Statement of Benefit to California: 
The proposed research will benefit the State of California and its residents by providing important knowledge about new ways to prevent rejection of transplanted organs. Currently, patients with transplanted organs must take life-long toxic medications to prevent rejection of their organs. This proposal will help develop ways to avoid the use of these toxic medications, while allowing life-saving organ transplants to survive in their new host. The use of stem cells in recipients of solid organ transplants is the first new breakthrough in decades for transplantation and therefore it is very important to try to optimize the use of stem cells to allow the survival of transplanted organs without toxic immunosuppressive medications.
Progress Report: 
  • Recent studies conducted first in animals and subsequently confirmed in humans have shown that tolerance to solid organ transplants can be achieved using donor-derived hematopoietic stem cells (HSCs). HSCs can induce tolerance by embedding in the recipient’s thymus. Once in the thymus they cause the deletion or inhibition of recipient cells that would otherwise cause rejection of a transplanted organ from the same donor.
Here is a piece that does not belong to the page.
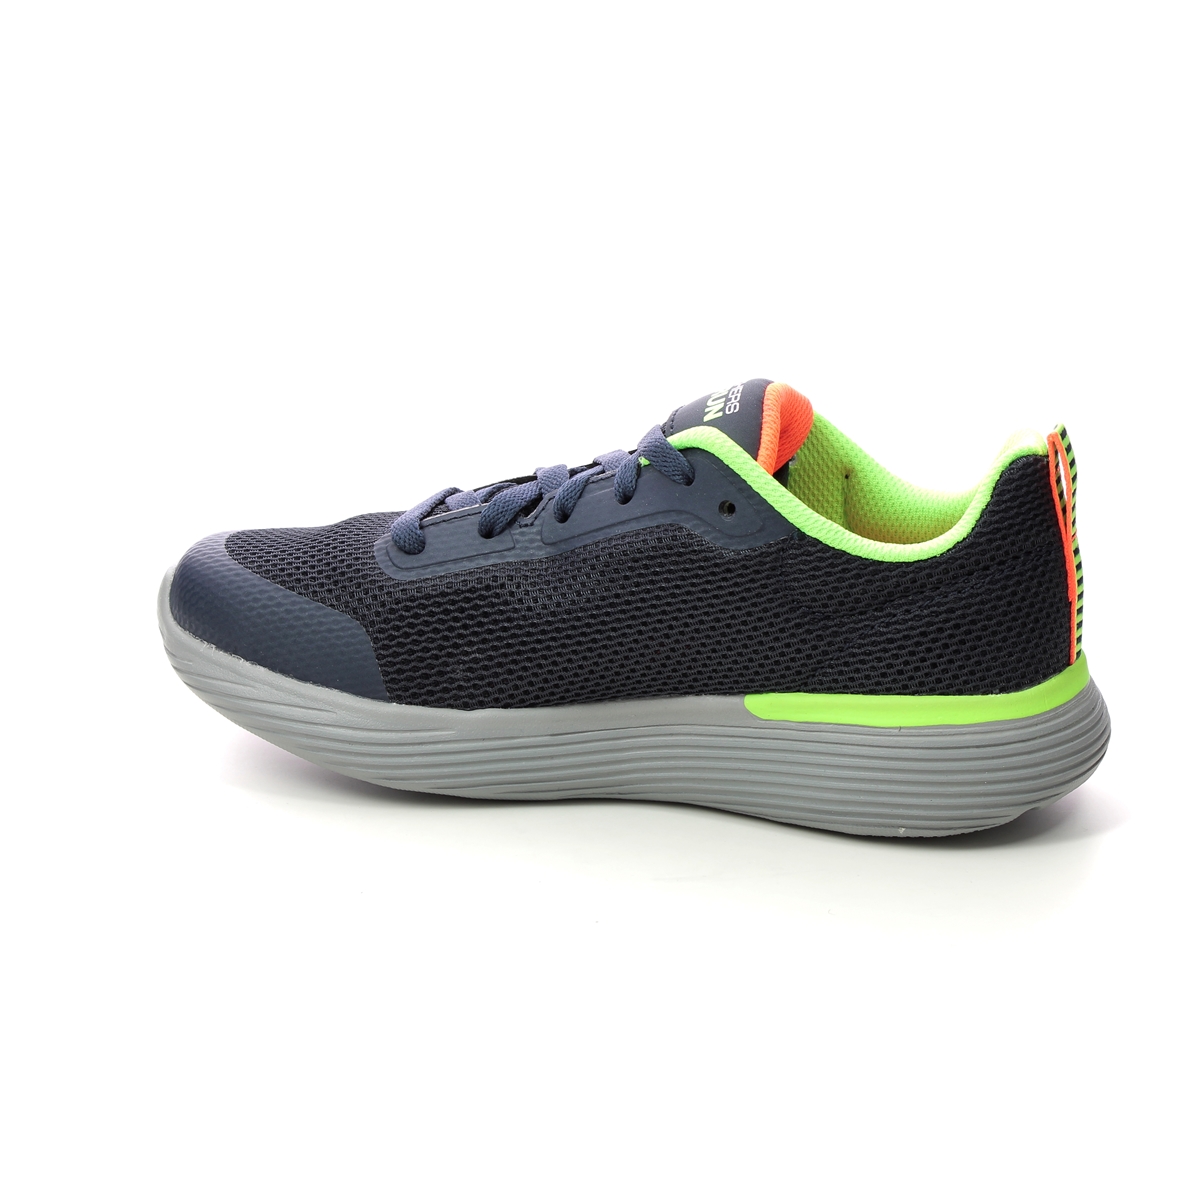 Skechers Go Run 400 Lace 405100L NVLM Navy Lime trainers

The coexistence of donor and host hematopoietic cells is called mixed chimerism and as long as the donor cells remain in the host, an allograft from the donor can be accepted without the need for immunosuppression.
  • Although many studies have shown that mixed chimerism can be obtained, donor tissue can still reject because the host responses to engrafted organs are not completely suppressed. Therefore, before HSC strategies can be widely used, additional refinements are needed to prevent activation of host responses. A logical approach, based on recent new information about the early activation events, involves targeting primitive receptors that are initial triggers of adaptive immunity – pattern recognition receptors (PRRs).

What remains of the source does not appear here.